This view shows enzymes only for those organisms listed below, in the list of taxa known to possess the pathway. If an enzyme name is shown in bold, there is experimental evidence for this enzymatic activity.
|Superclasses:||Degradation/Utilization/Assimilation → Aromatic Compounds Degradation|
Expected Taxonomic Range: Proteobacteria
Organophosphate pesticides such as parathion and methyl parathionhave been used extensively as insecticides, fungicides, and herbicides. Methyl parathion is used primarily to kill insects on farm crops, especially cotton. It can no longer be used on food crops commonly consumed by children. Methyl parathion is a cholinesterase inhibitor, and exposure to very high levels for a short period in air or water may cause death. Changes in mental state may last several months after exposure has ended. EPA regulations allow 0.002 mg/L of methyl parathion in drinking water.
About This Pathway
A few organisms can degrade methyl-parathion and completely mineralize it. A Pseudomonas putida strain has been documented to degrade both both methyl parathion as a sole carbon and phosphorus source [Rani94]. This organism hydrolyzed methyl-parathion to 4-nitrophenol, which was subsequently degraded via hydroquinone and 1,2,4-benzenetriol to maleyl-acetate. A Pseudomonas strain designated Pseudomonas sp. A3 can use methyl-parathion as a sole carbon, energy, and phosphorus source [Ramanathan99]. The 4-nitrophenol provided carbon and energy, while the other cleavage product, dimethylthiophosphate, was used as a phosphorus source.

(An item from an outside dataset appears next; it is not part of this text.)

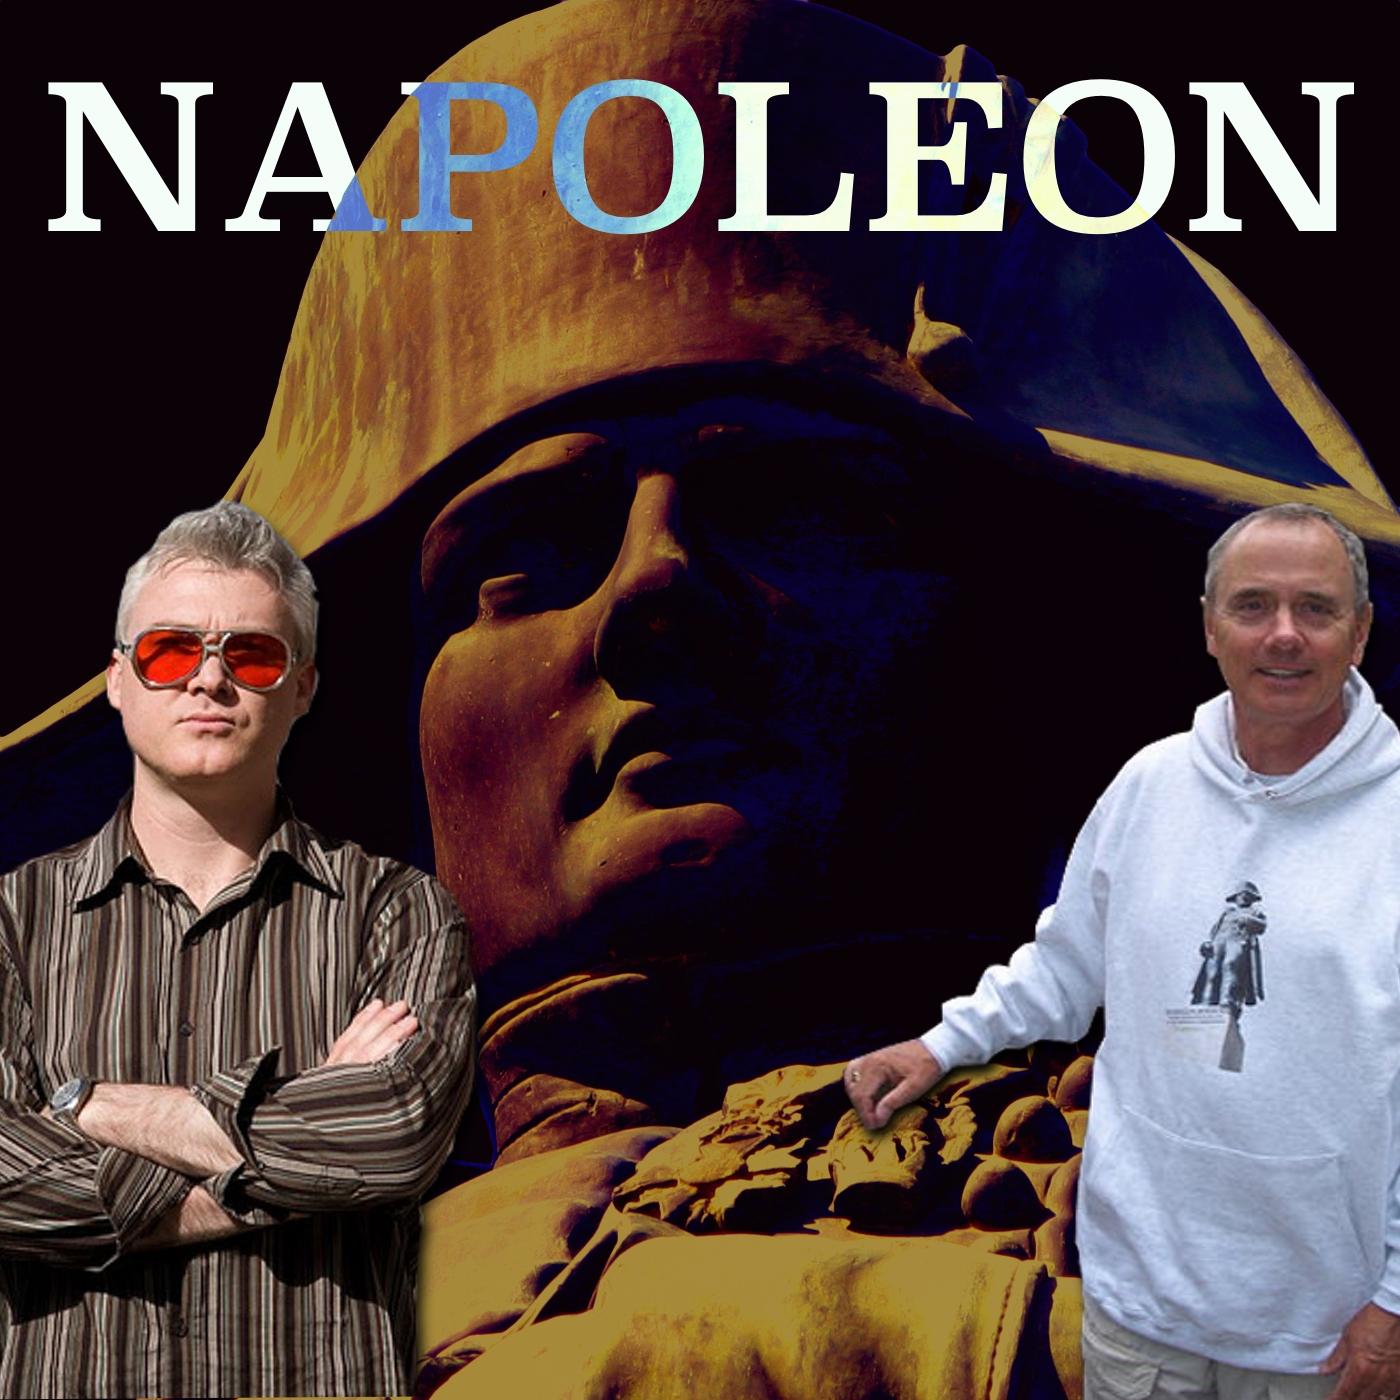 The Napoleon Bonaparte Podcast

Pseudomonas sp. WBC-3 can utilize methyl-parathion as a sole carbon, energy, and nitrogen source [Liu05]. The genes encoding the required enzymes are carried on a 70 kb plasmid designated pZWL0. The mpd gene encoding the methyl-parathion hydrolyzing enzyme has been cloned from this organism and succssfully expressed in Escherichia coli. Interestingly, this gene is completely different from the opd genes encoding parathion hydrolases.
The key enzyme in methyl-parathion degradation is methyl-parathion hydrolase, which has been described in a variety of bacteria.
Unlike the organisms mentioned above, an organism identified as Plesiomonas sp. M6 is able to hydrolyze methyl-parathion to p-nitrophenol, but is not able to degrade p-nitrophenol further. The gene encoding the methyl-parathion hydrolyzing enzyme in this organism has been cloned and succssfully expressed in Escherichia coli [Vecchioni75]. It is almost identical to the plasmid-borne mpd gene cloned from Pseudomonas sp. WBC-3, but is located on the chromosome.
According to at least one publication, dimethylthiophosphate is degraded to methane, phosphate and sulfate, enabling the organism to utilze methyl parathion as the sole phosphorus source [Ramanathan99]. The exact path for this degradation is not known.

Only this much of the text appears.